# Paging ZodiakZack



## kylegeiger.com (Jan 14, 2006)

Hey bro,

You seem to be the Ponce Inlet guru...the last time we went down to Florida for the fishing excursion...we ended up in Ponce Inlet fishing off the jetties oceanside. BEST surf fishing I've ever experienced! Is this always the case or did we just get lucky? Also...how on earth do you set it up so that you don't get hung up when fishing on the river side with live bait? Thanks!


----------



## KodiakZach (Mar 16, 2005)

What type of fish do you want to catch?

What time of year were you down here fishing when you had that great experience?


----------



## kylegeiger.com (Jan 14, 2006)

I was down over thanksgiving...Caught a huge Red and bluefish on every cast almost. Finger mullet were making a run inshore. Caught some nice cobia, snapper, and grouper offshore. Any other good seasons? thinking about coming down over spring break...would like to catch other fish other than blues at some point. Have pics actually...need to shrink them down to post them on here.


----------



## KodiakZach (Mar 16, 2005)

Big blues will be in by then (by Florida standards). Spanish Mackerel will be around. Pompano (very good eating) will be around. Sheepshead will still be plentiful. Send me an email through the forum when you come down and we will meet up at the jetty.


----------



## orlandonoah (Jan 2, 2006)

i went to ponce yesterday and lost more rigs on the rocks on the river side then anyone should endure. then i went to a point where the river meets and caught whiting like it was my job. i hear about the snapper, grouper etc. but didnt really see anyone doing that well. any advice on techniques for the rocks. i was using live shrimp, a 3/4 ounce egg sinker and still kept getting hung up.


----------



## KodiakZach (Mar 16, 2005)

Whoever tells you they catch grouper (besides 4 to 8 inch babies) is probably telling a story. I fish out there daily and can count on one hand the grouper I have seen come up from Ponce Jetty. In regards to fishing on the rocks, you need to use 1/2 to 1oz round egg sinker in light current, and up to 4oz flat egg sinker with max current. The more weight you use, the better your chances of snagging and losing your rig. Also use about 2 feet of leader line in the 50-lb range and at least 50-lb braid preferrably (or mono) for your running line. If the current is ripping full blast, forget it, don't even bother. If the current is running moderate or less you can do it while losing minimal rigs. The key is knowing how to retrieve your line after it has been cast out. Once you cast out and it comes to sit on the bottom among the rocks, DON'T reel any line in. Instead, reel the slack of the line without tightening it down. Hold your finger on the line but don't snug it up. When you decide your bait has sat out there long enough and you are going to check your line. Reel any excess slack out of your line, but once again don't snug it up or reel till it catches. Instead, pop it up off the rocks/bottom and if it comes free then reel like crazy until your line is all the way in. Also, DO NOT cast upstream of the current as the current will drag it back downstream and into rocks. Then you won't be able to pop it up and out, --instead you will pull it into the rock and snag it. Trust me when I say, it's a pain in the butt, but I can go and sometimes keep the same rig all day. Other days I might lose 6 rigs... which is why I pre-tie my rigs before I ever even go out there. Make no mistake about it though, the BIG quality fish are in the channel, not on the beachside.


----------



## KodiakZach (Mar 16, 2005)

2 MORE TIPS:

1.) I tie a UNI knot and wrap my 50-lb vanish leader 3 times to the swivel. I tie a UNI knot and wrap my 50-lb vanish leader 2 times to the hook. That way the when you do get snagged and go to break your line, it breaks at the hook which is the weaker knot (2 wraps instead of 3) and you only have to replace your hook instead of your entire rig. Trust me though, if you tie a good enough UNI knot with 2 wraps it WILL hold for big fish.
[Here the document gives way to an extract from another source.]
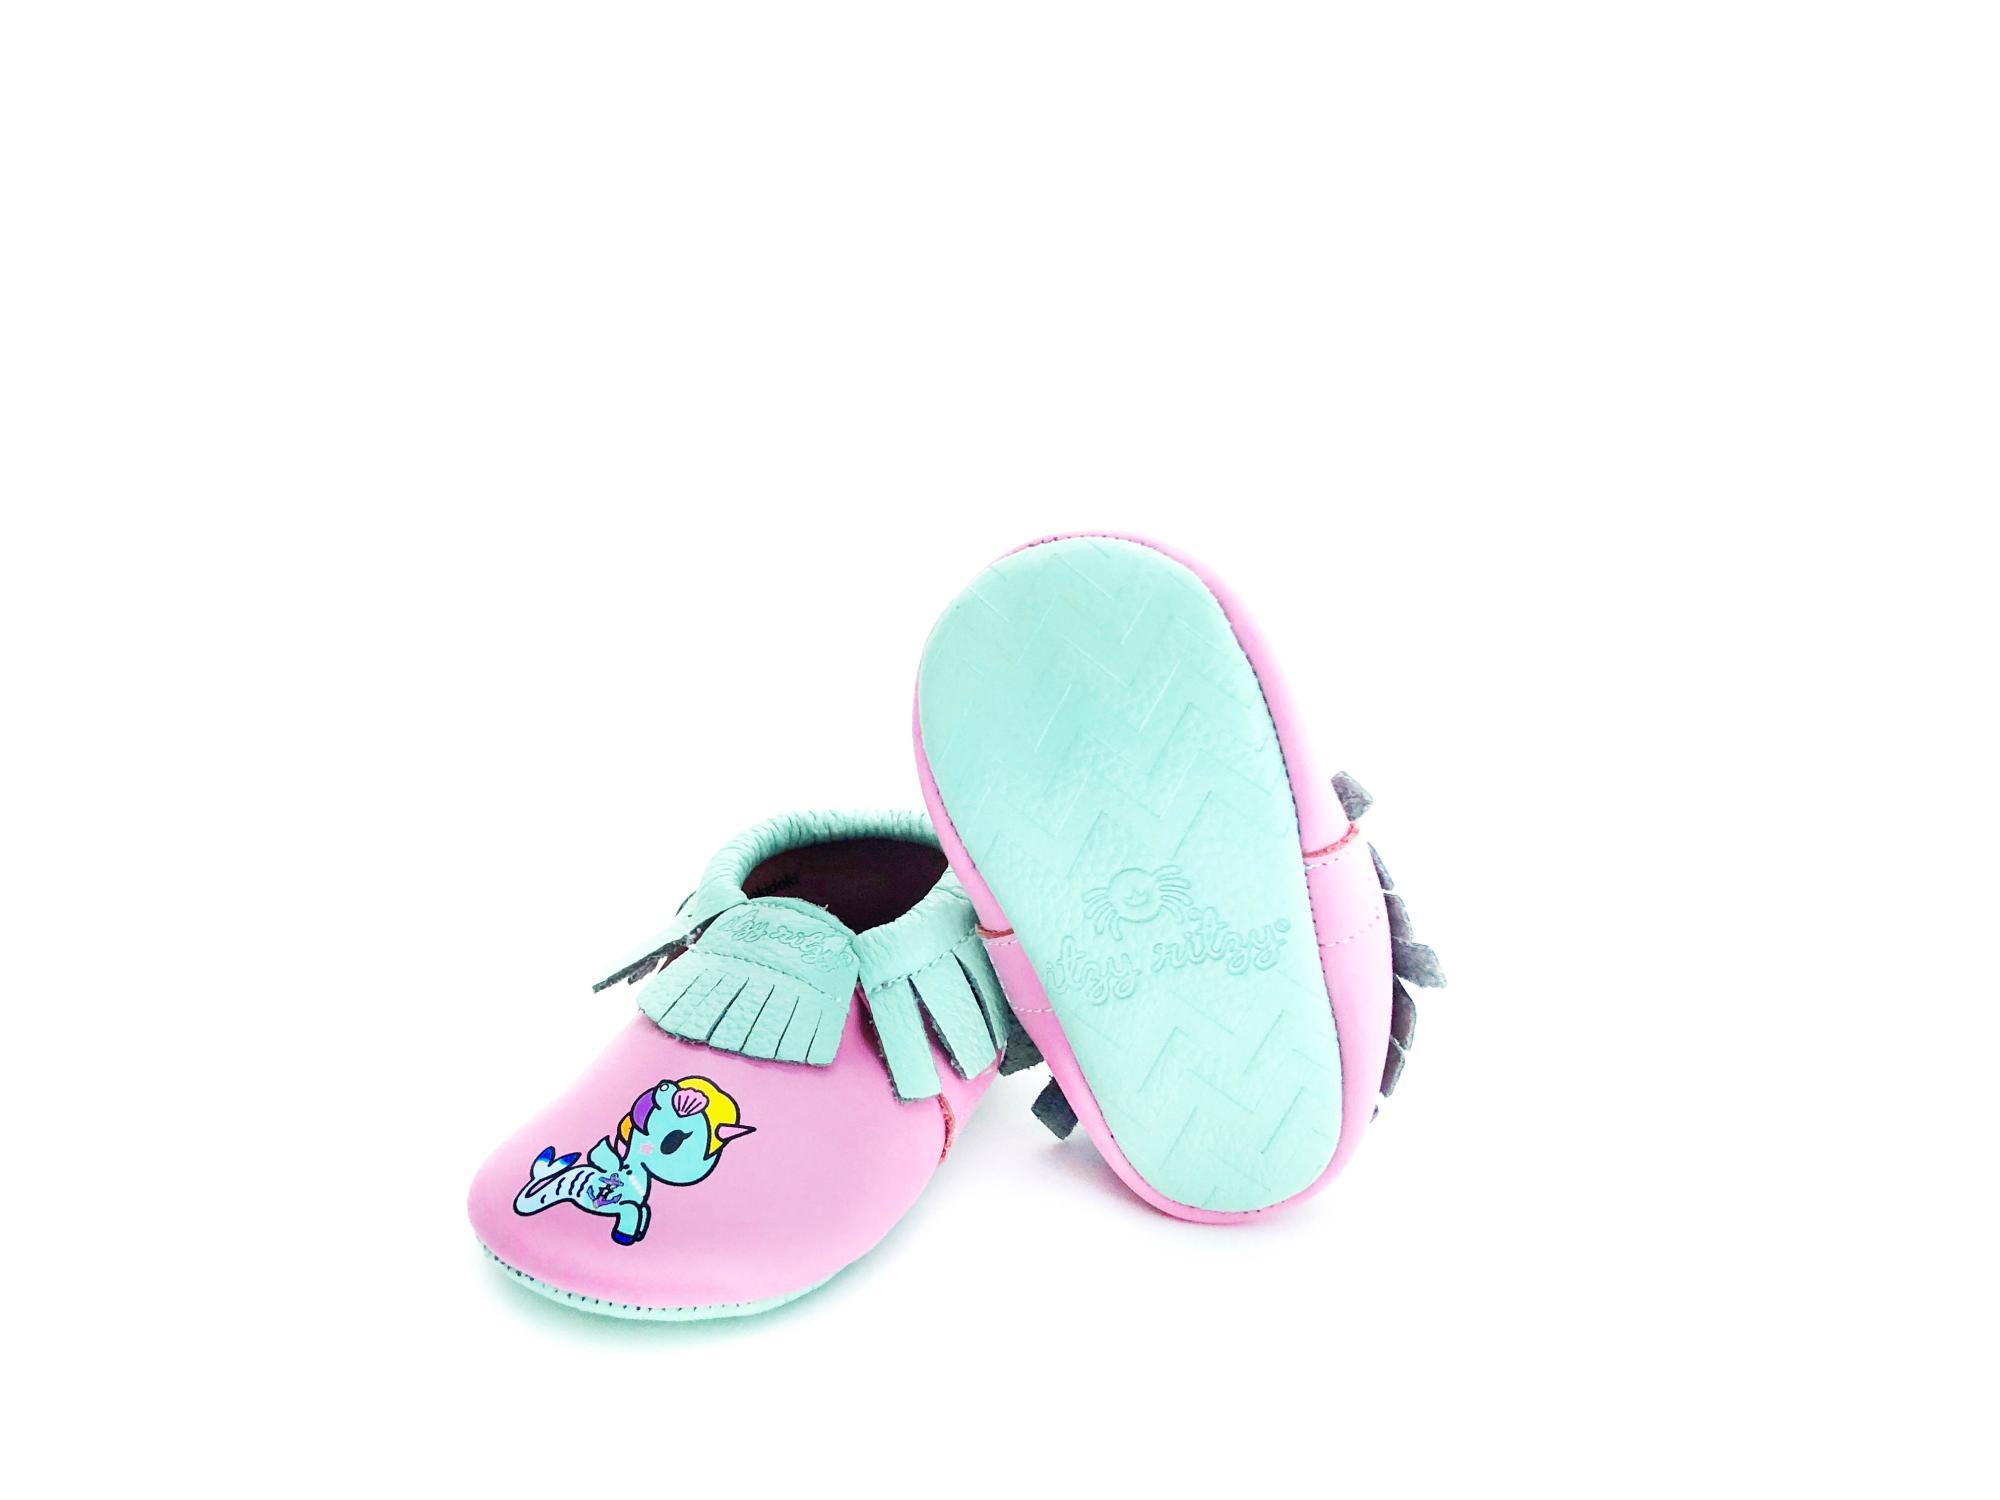 itzy-ritzy-tokidoki-moc-happens-baby-moccasins-sirena-unicorn-3.jpg

2.) Also, on Ponce Jetty if you fish one of the three walkouts on the channel side and you cast in the 10 to 30 yard range, that is where most breakoffs occur because there are more broken lines and tangled "tackle bombs" down there for you to snag on. That's because these 3 places are where most people cast and get snagged/broke off. 
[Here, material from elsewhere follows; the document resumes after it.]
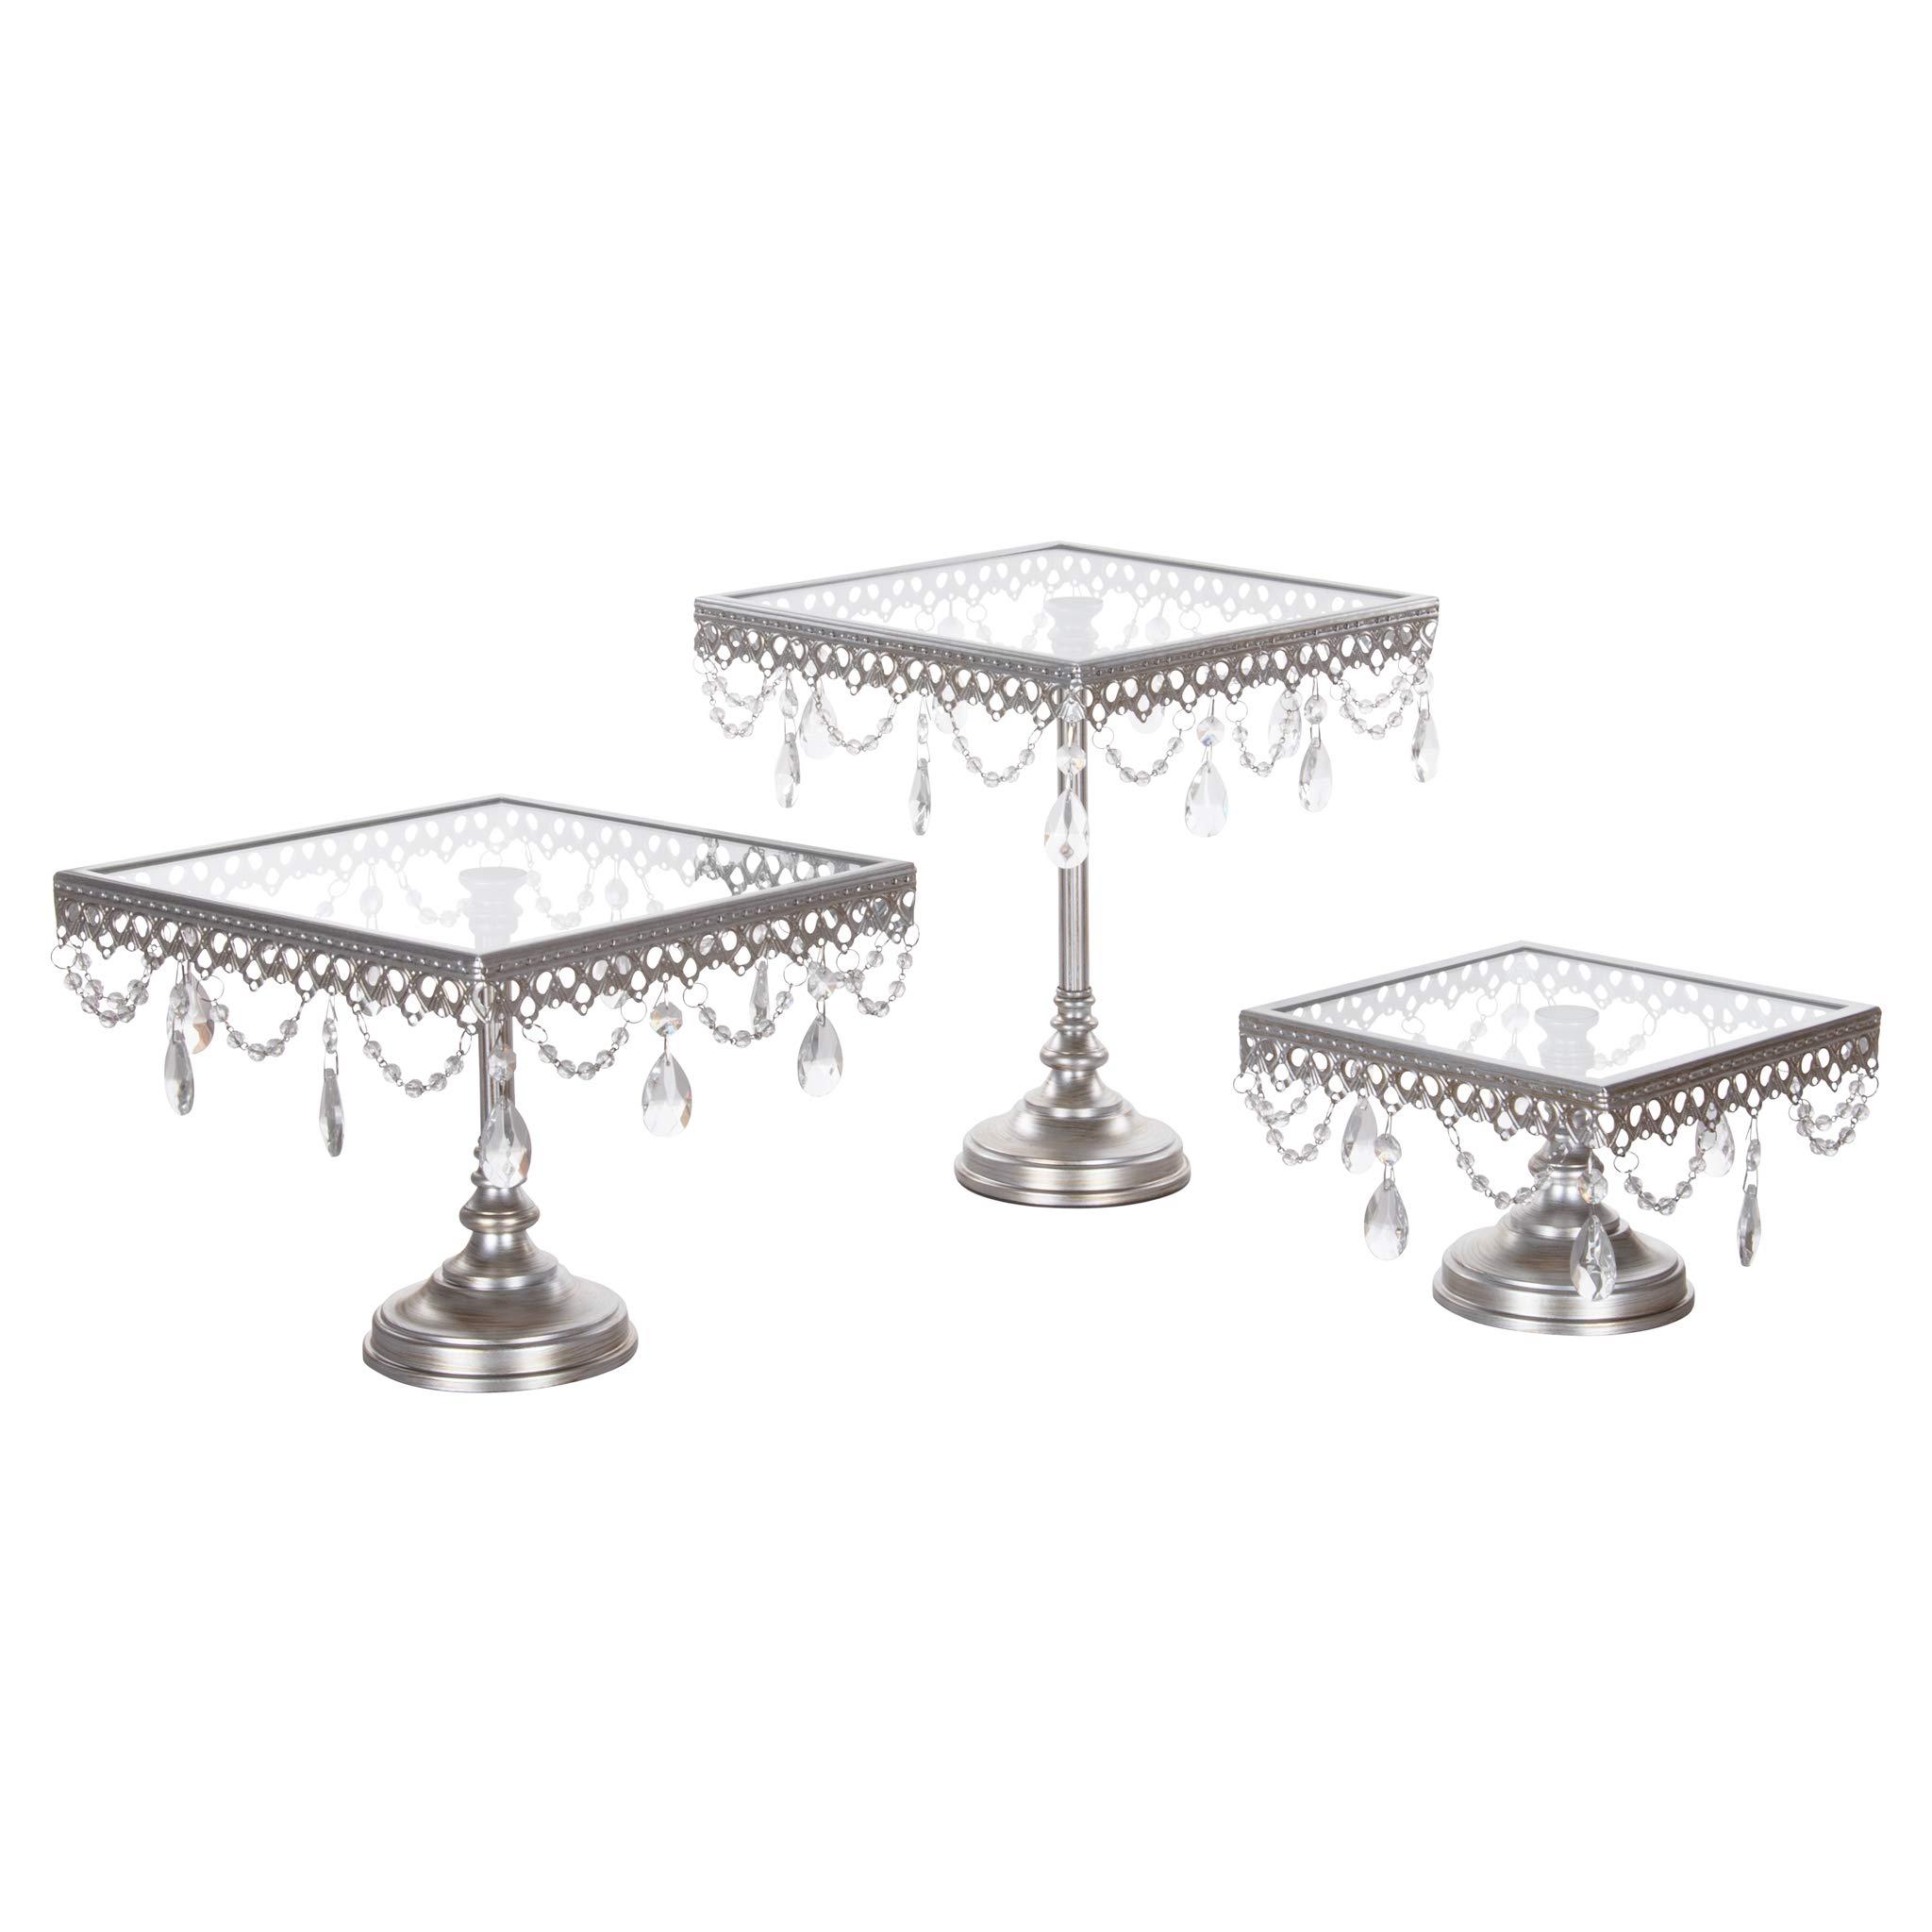 Amalfi Decor Glass-Top Square Cake Stand Set of 3, Dessert Cupcake Wedding Event Party Birthday Metal Display Pedestal (Silver)

*CURRENT PERMITTING*, you won't experience near as many snags if you:

1.) Fish right off the rocks, 3 to 5 feet out.
-or-
2.) Chuck your weight as far across the channel as you can.


----------



## jettypark28 (Jun 23, 2006)

*Bringing this back*

Zach.....Because more people are asking about fishing there. And i havent been there in awhile, pretty good info....feel free to add anything. This is a old thread...


----------



## patindaytona (Jun 17, 2006)

*Ponce*

I've been missing alot of huge hits at the Ponce. I use 40lb power pro and a heavy rod..little action. When the fish hits, I lower my rod some to give it some line. When it hits again, the bait is literally jerked out of it's mouth. Maybe I should start keeping the rod much higher to have maximum "give" and not lower it at all? What do you think?


----------



## KodiakZach (Mar 16, 2005)

You don't want to give him line unless he is already pulling away with your bait. Once he starts moving away with the bait, give him a little and if your line stays tight, then bring the rod tip all the way up applying even pressure all the way. If anything, when they bump it you want your finger on the line, and all slack out of your [braided] line so you can feel exactly whats going on on the other end your line.


----------



## patindaytona (Jun 17, 2006)

*Tricky Fish*

Some slowy start moving away with the bait..that's no problem, but then some, like the last several times..slam my bait and my rod goes down quickly. Then the fish released the bait. But usually comes right back. By that time i have no slack in my power pro and my rod is pointing low. He grabs the bait and it's yanked out of his mouth.
I guess I should be keeping my rod high at all times.


----------



## jettypark28 (Jun 23, 2006)

*Pat*

i think if you kept your rod in hand you would be able to get more hookup. But if they are letting go, then they havent got into the hook. If you are using circle hooks, they should hook themselve....At least thats my .02


----------



## Railroader (Apr 13, 2005)

You may also be getting bites from Yellowtails(sand perch, peckerfish, etc). These guys are only about 8" long usually, and bite like they weigh twenty pounds. They can be very annoying, and hard to hook with anything over a 1/0.

Here's a pic of the possible suspect...


----------



## sprtsracer (Apr 27, 2005)

Remember...don't set the hook as if you were using mono...that will cause you to jerk everything out of its mouth.


----------



## jettypark28 (Jun 23, 2006)

*Those damn*

Ninga fish That why i use large livebait when they see a bait bigger then they are, they just haul butt and get out of there


----------



## patindaytona (Jun 17, 2006)

*fish*

I NEVER let my rod down. I am always holding on to it.


jettypark28 said:


> i think if you kept your rod in hand you would be able to get more hookup. But if they are letting go, then they havent got into the hook. If you are using circle hooks, they should hook themselve....At least thats my .02


----------